Corbyn has called for an immediate election dozens of times in the last few months and while he had a justifiable case for opposing it in September, when it really would have played fast and loose with No Deal and made the production of an agreement probably impossible, that argument falls away as soon as an extension is agreed. For Labour to then vote against a dissolution would appear both cowardly and hypocritical, especially if all the other parties were in favour, as is likely. For what it’s worth, I think Corbyn would back the call, as he did in 2017 in similarly unpropitious circumstances.

However, so big is the threat to Johnson’s Brexit plans and so little control would he have over an extended legislative process to implement the deal that I think he’d also need to issue a threat of the nuclear political option. (Before exploring that, let’s note that if the deal passes without amendment, Johnson might be able to ram an Act through parliament using the 31 Oct deadline as the anvil: the time pressures and his willingness to No Deal if necessary might just be enough; an extension would completely destroy any chance of those tactics working).

If parliament refused to endorse the deal (even if by kicking the can), and also refused a dissolution, Johnson could threaten to resign in the reasonably secure knowledge that no-one else could form a government. After all, if it couldn’t be done in September when the pressure really was on, it won’t be doable now. The cost to such an action would be to let Corbyn into Number 10 and allow him the trappings of office for an election campaign but the prize would be that campaign.

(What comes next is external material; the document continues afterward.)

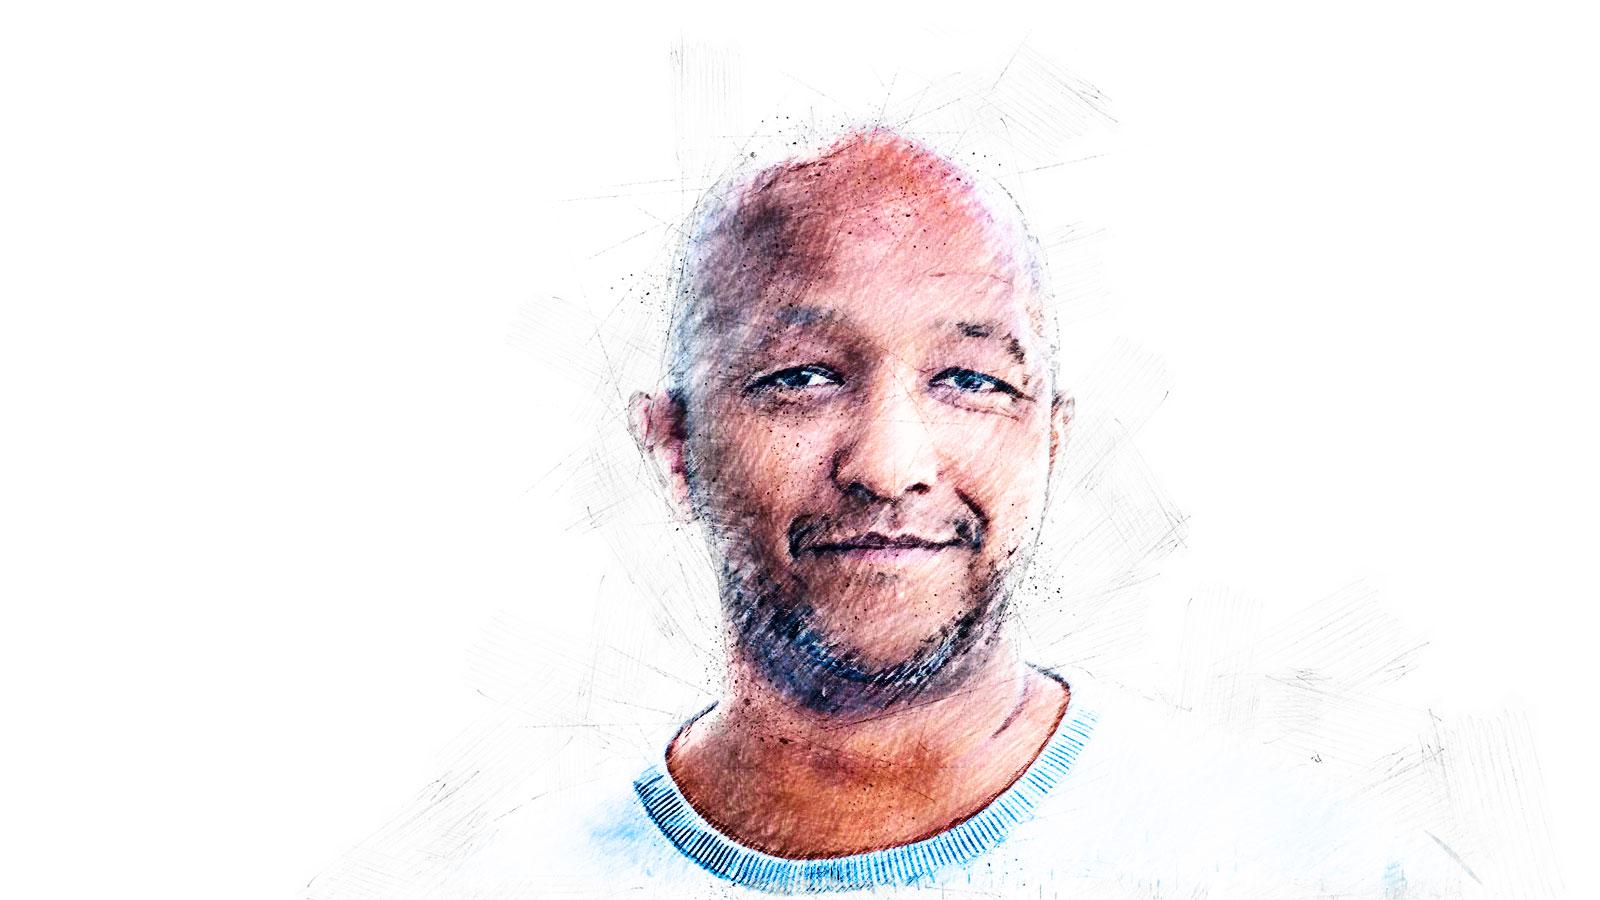 Sami Omar, Migazin, Rassismus, Artikel, Meinung, Kommentar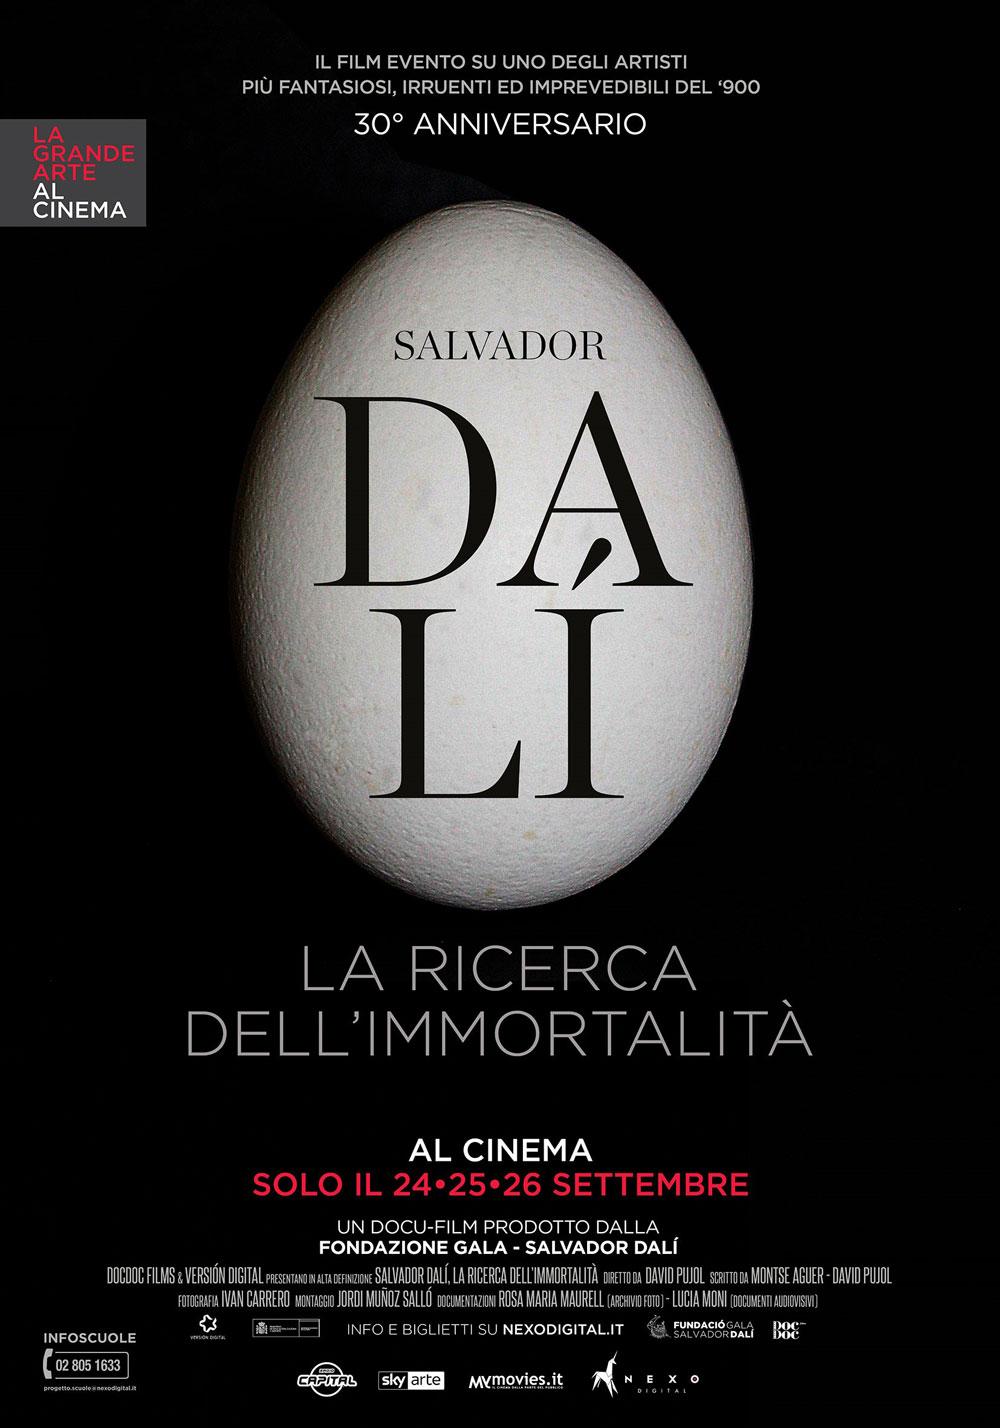 Il nuovo cartellone 2018 de La Grande Arte al Cinema si apre con Dalí

Such a threat though returns us to the First Rule. If Johnson carried it through, we’d probably be looking at a Dec 19 election: not a happy prospect for anyone and one that’d certainly give pause for thought for any party reliant on younger voters and/or those without postal votes. Or, for that matter, any party seeking to drag the focus away from Brexit.

Which is one of several reasons I don’t think MPs would want to go there. By contrast, an election triggered by a dissolution motion next week and allowing for a brief wash-up session (although presumably excluding the scheduled Budget), would point to a polling day of December 5.

A December election (which of course covers either option), is available at 3/1 and that, to me, is very good value.